WHAT IS BEING ASKED
Output the data below only from the line containing "卧室绿色的床品很是舒适很适合休息的场所，神似大自然的场地" up to and including the line containing "Patlite CWA3S-24-CD LED", exact and with the pictures left out.

[[ DATA, beginning ]]

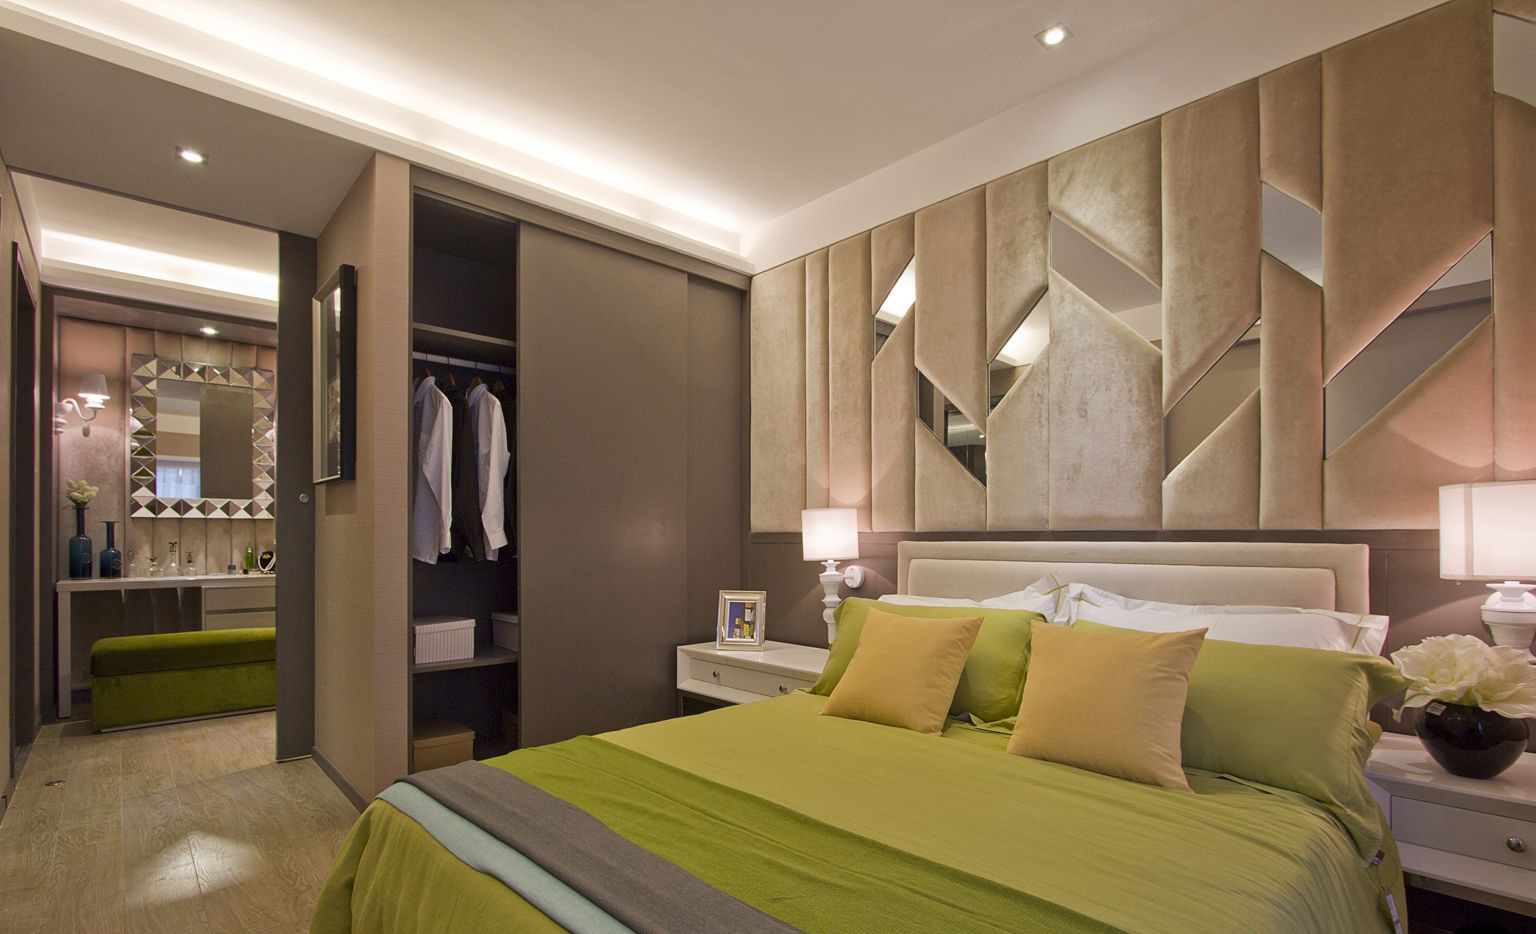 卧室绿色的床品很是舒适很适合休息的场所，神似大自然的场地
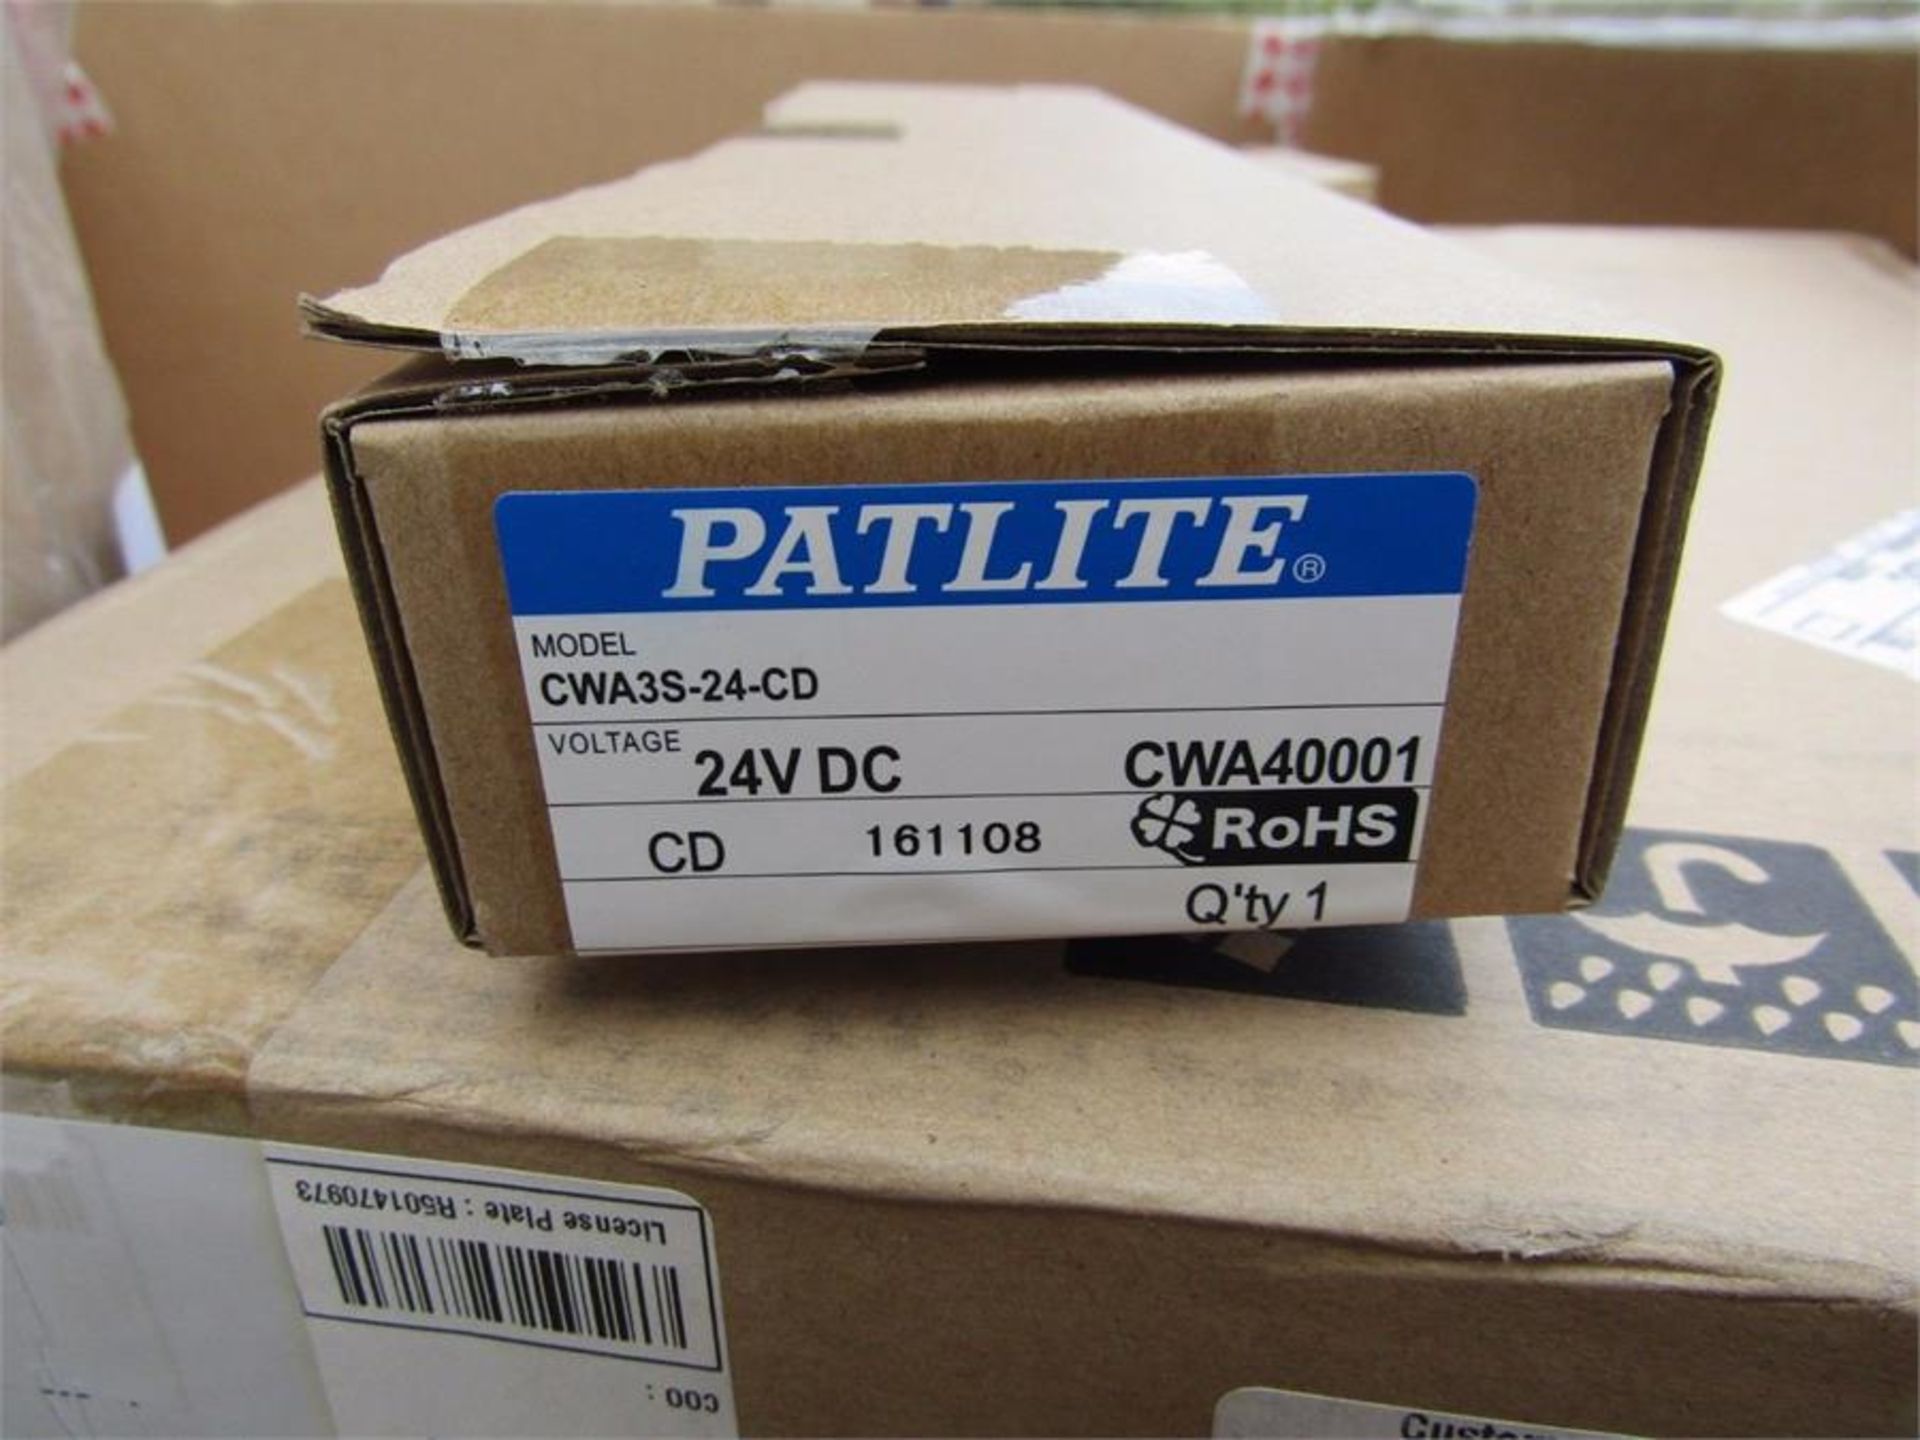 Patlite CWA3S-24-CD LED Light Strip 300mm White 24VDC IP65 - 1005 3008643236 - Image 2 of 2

[[ DATA, end ]]
[[ DATA, beginning ]]

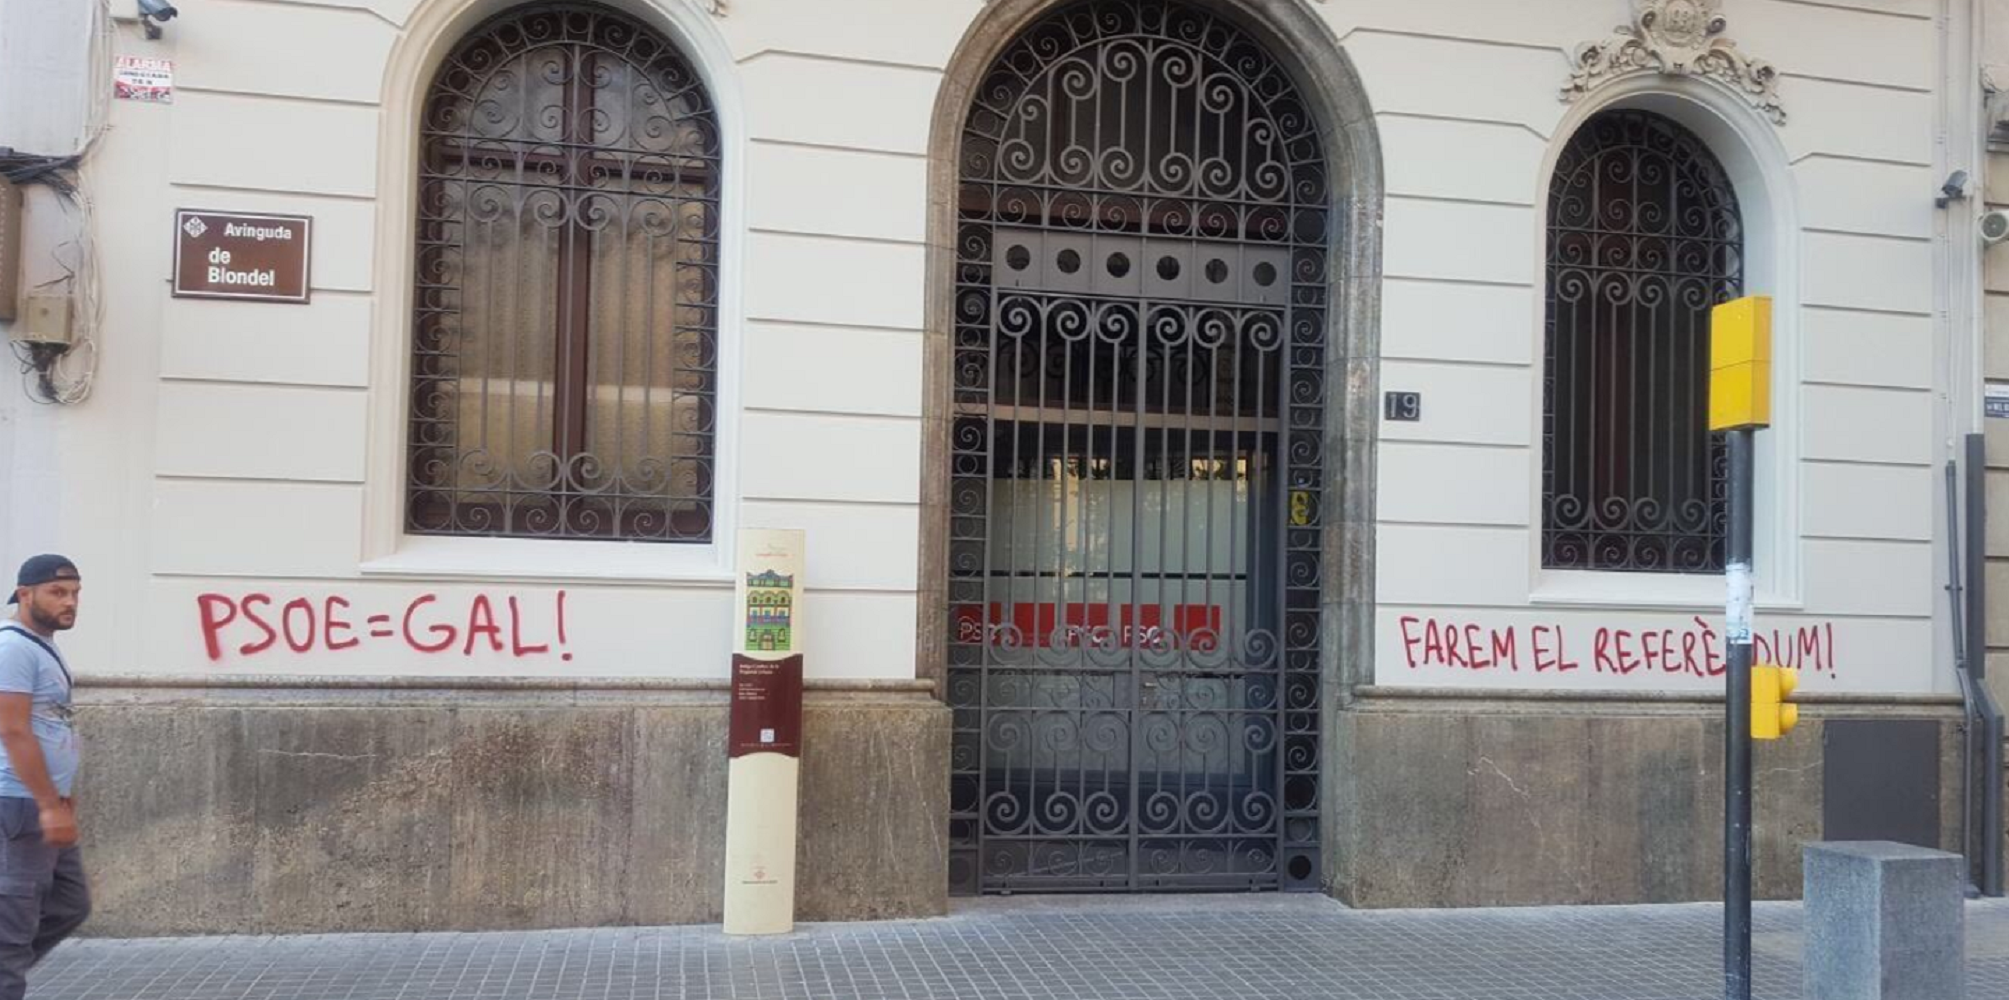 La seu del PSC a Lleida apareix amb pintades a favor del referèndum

[[ DATA, end ]]

ANSWER TO THIS TASK
 卧室绿色的床品很是舒适很适合休息的场所，神似大自然的场地
 Patlite CWA3S-24-CD LED Light Strip 300mm White 24VDC IP65 - 1005 3008643236 - Image 2 of 2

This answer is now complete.